___ PROVIDED ENTRIES ___

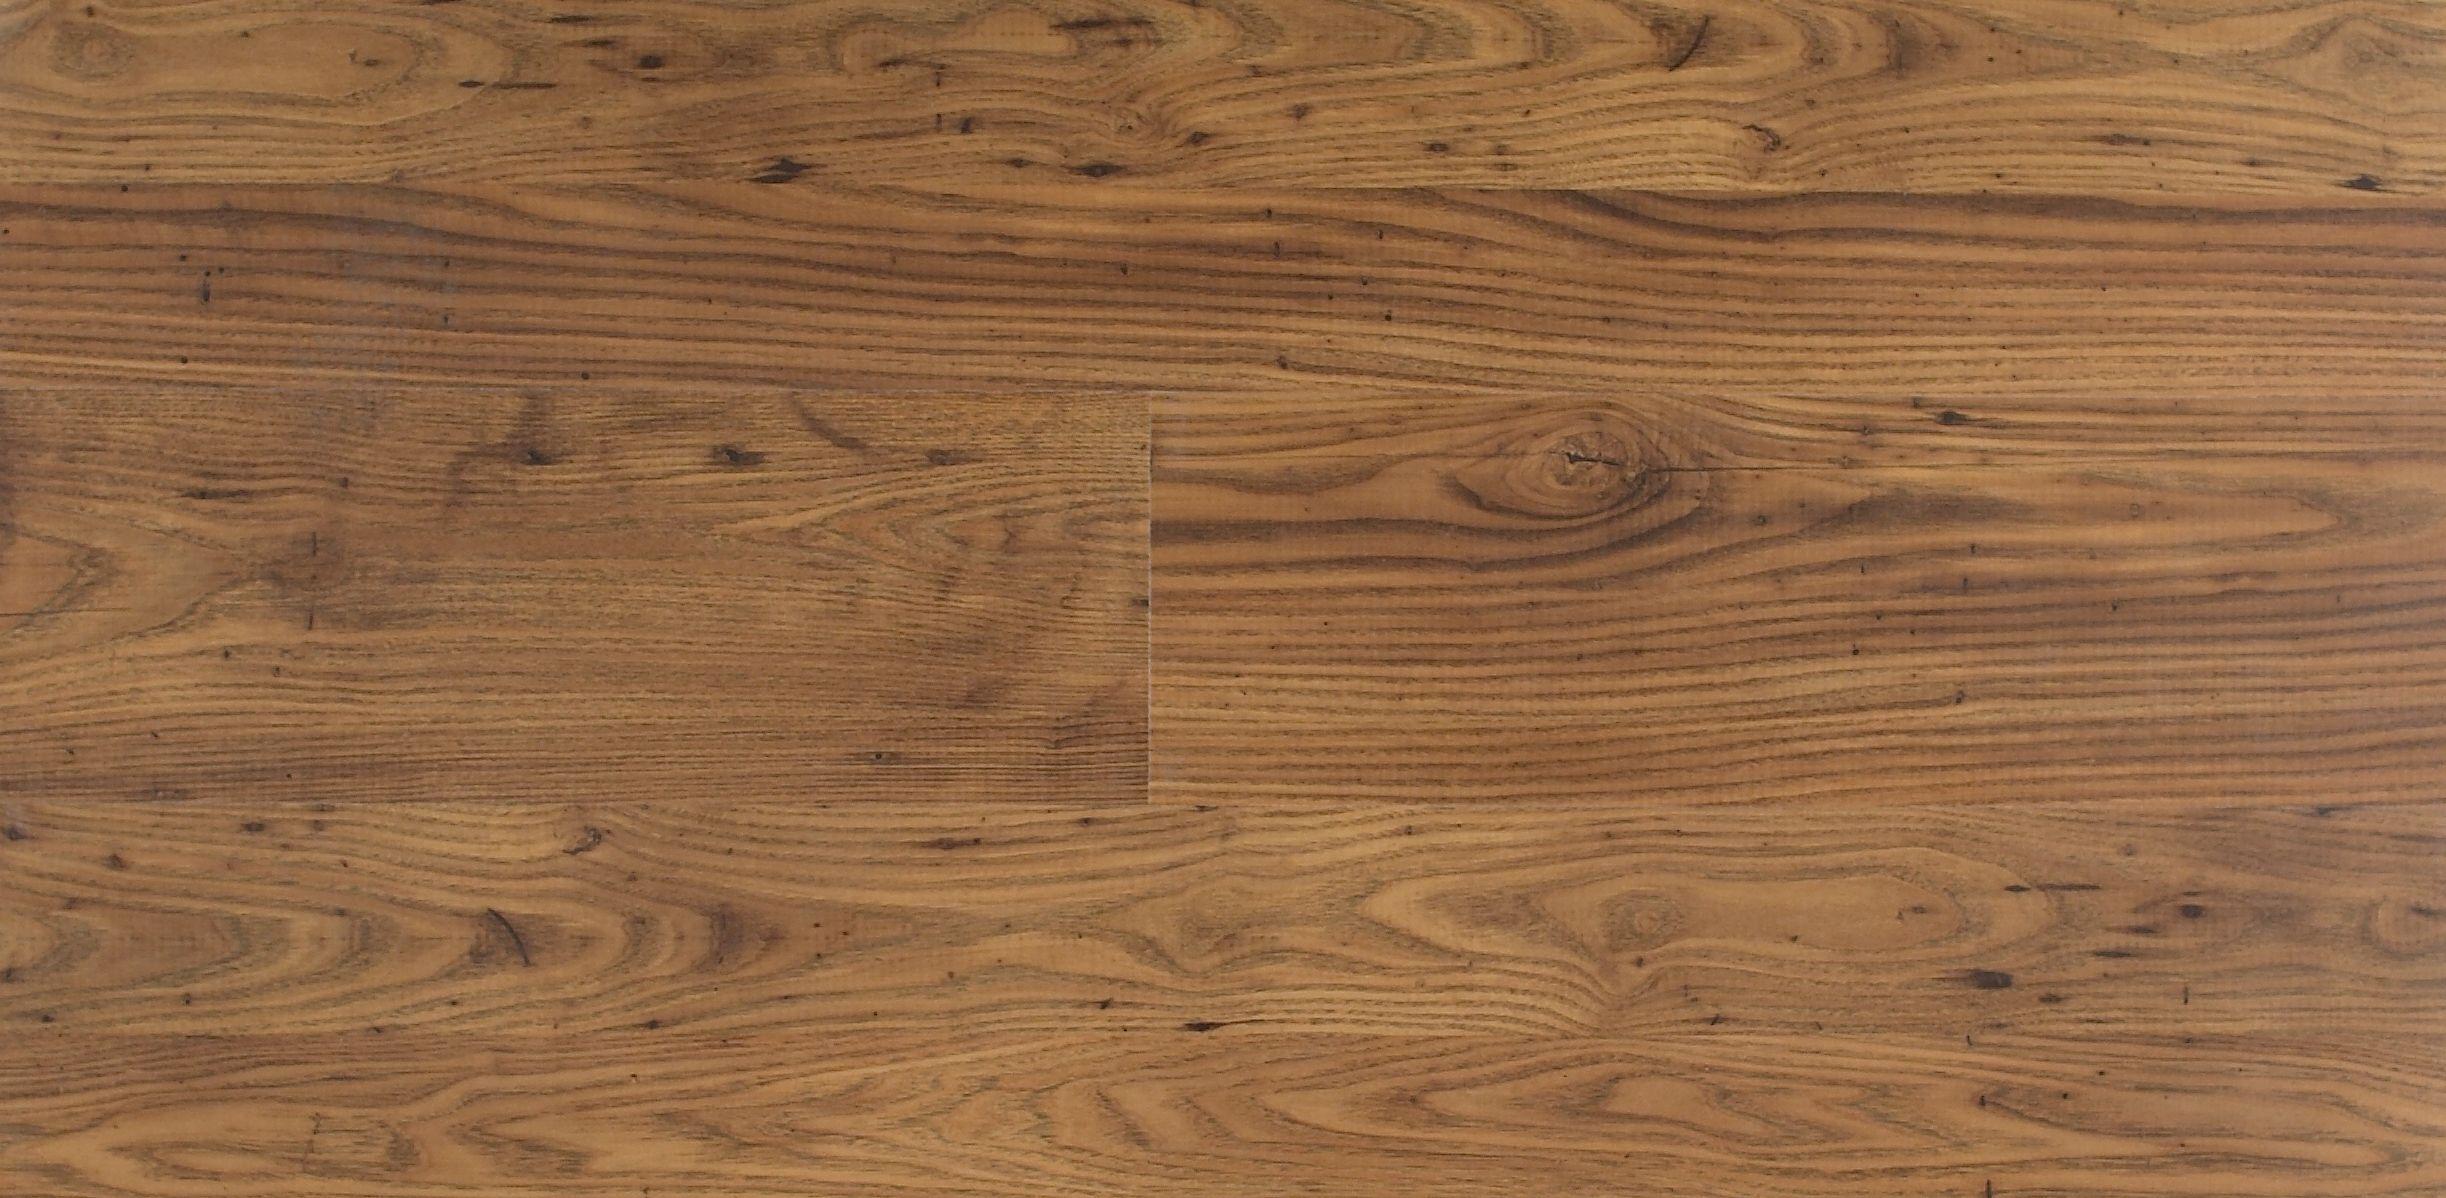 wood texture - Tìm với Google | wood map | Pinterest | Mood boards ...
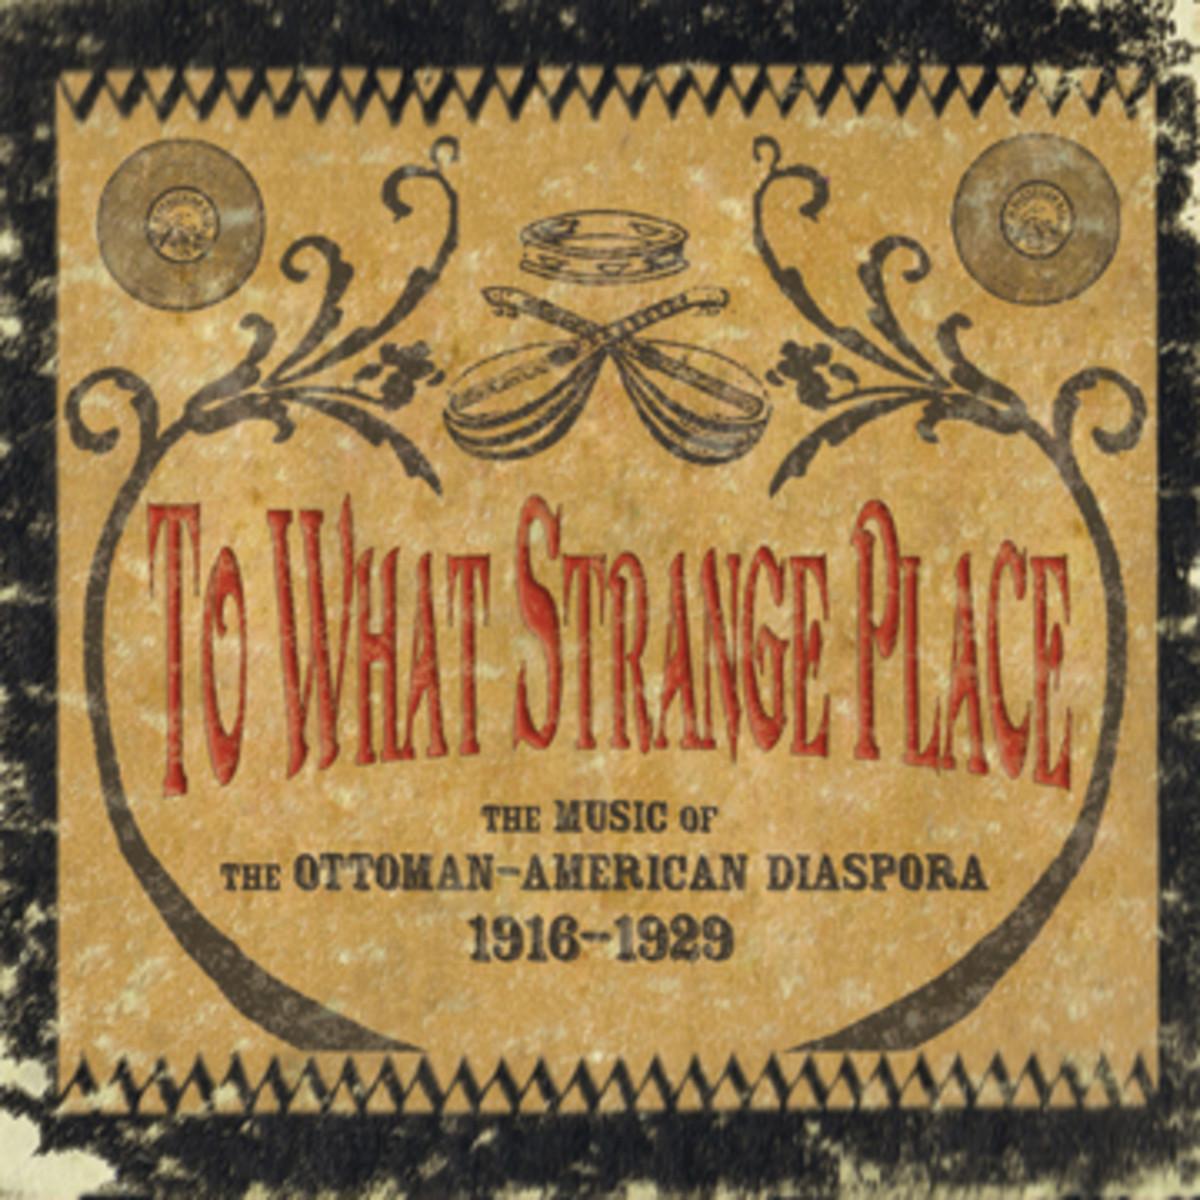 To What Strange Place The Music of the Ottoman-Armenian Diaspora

___
___ PROVIDED ENTRIES ___

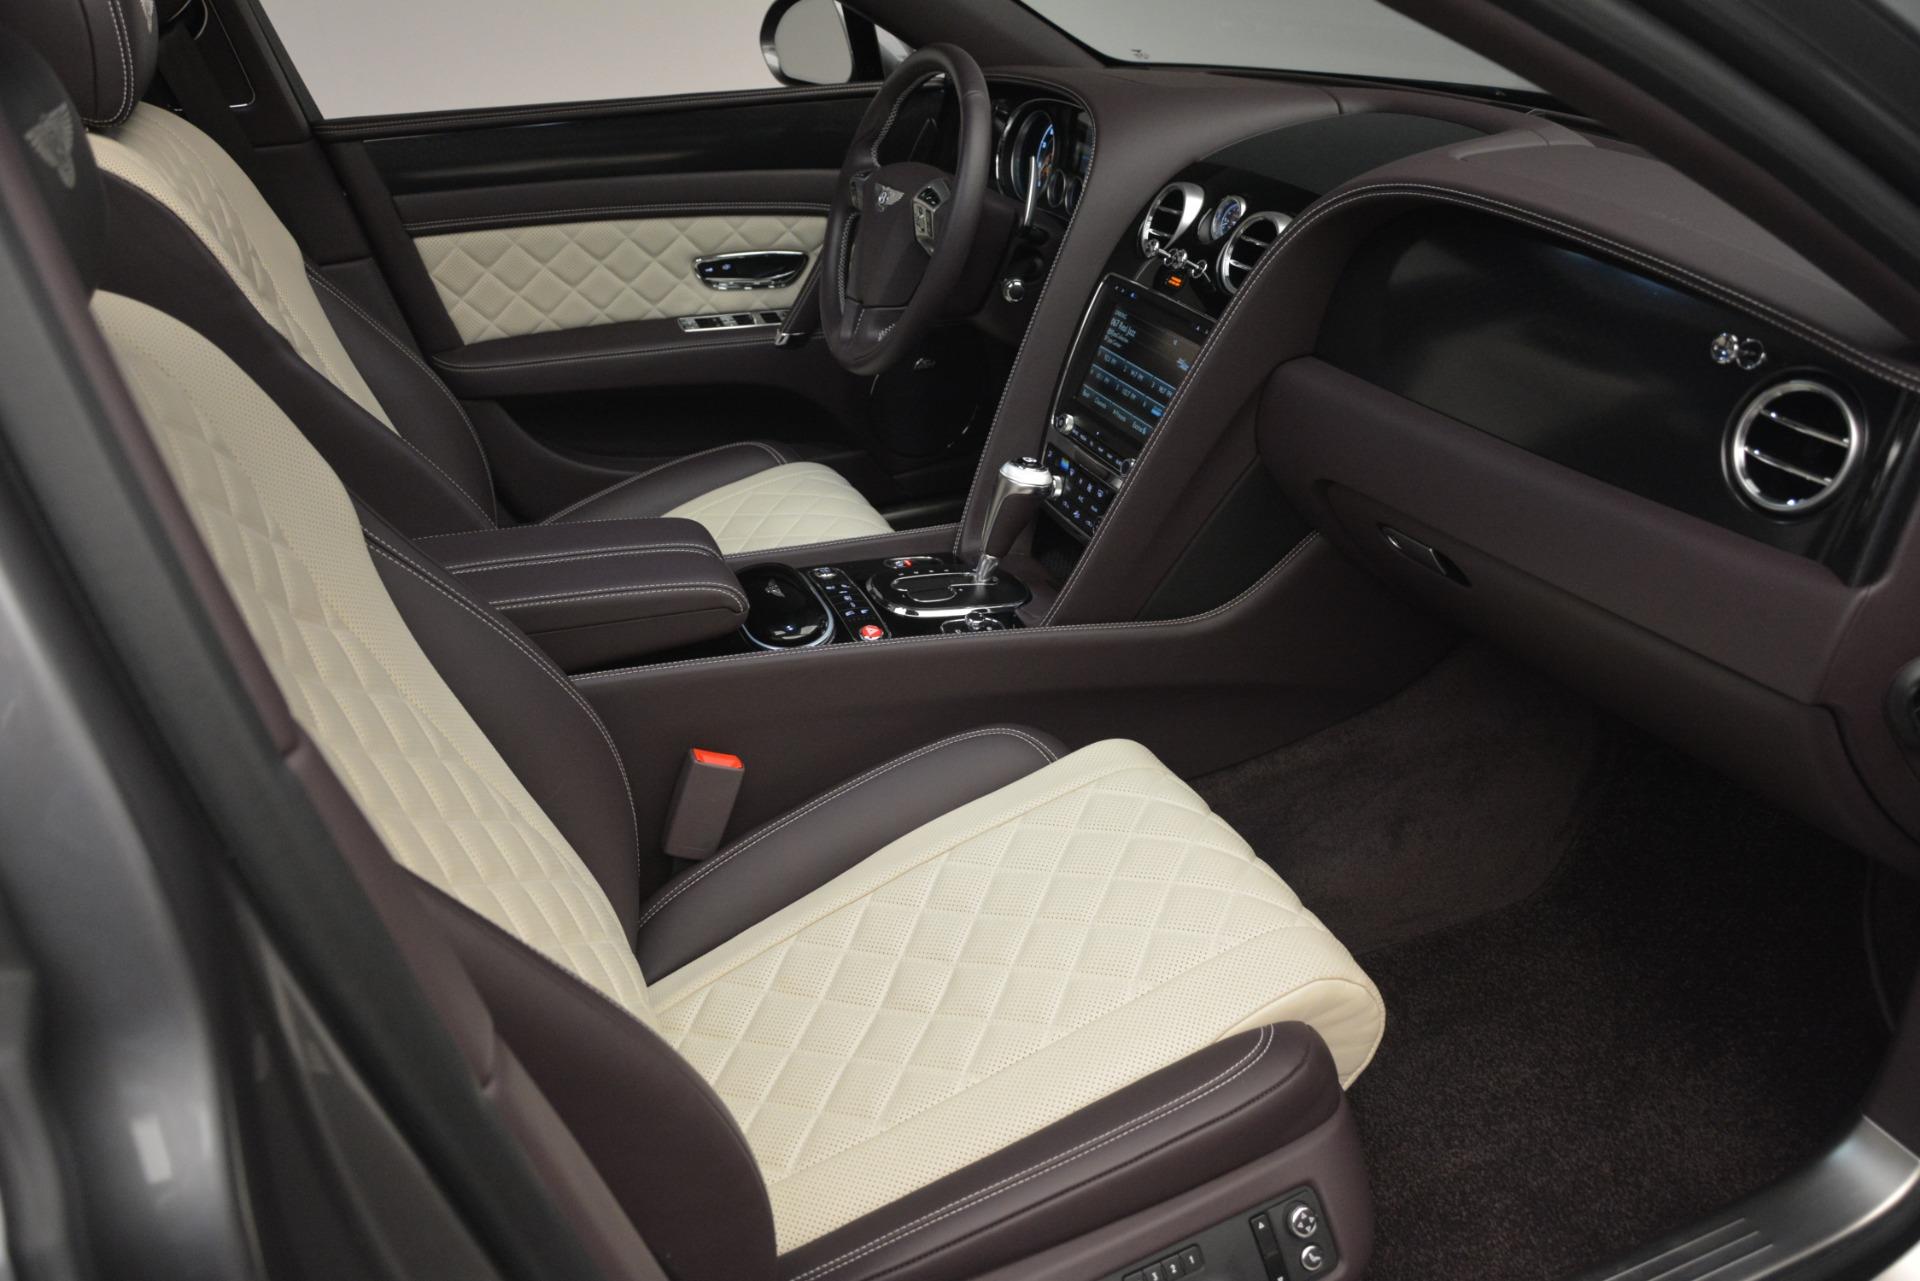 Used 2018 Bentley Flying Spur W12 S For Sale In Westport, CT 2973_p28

___

= YOUR OBJECTIVE =
Leaving out all pictures, set down exactly the lines of the material above, from the line with "wood texture - Tìm" to the line with "To What Strange" inclusive, and no others.

= TASK ANSWER =
 wood texture - Tìm với Google | wood map | Pinterest | Mood boards ...
 To What Strange Place The Music of the Ottoman-Armenian Diaspora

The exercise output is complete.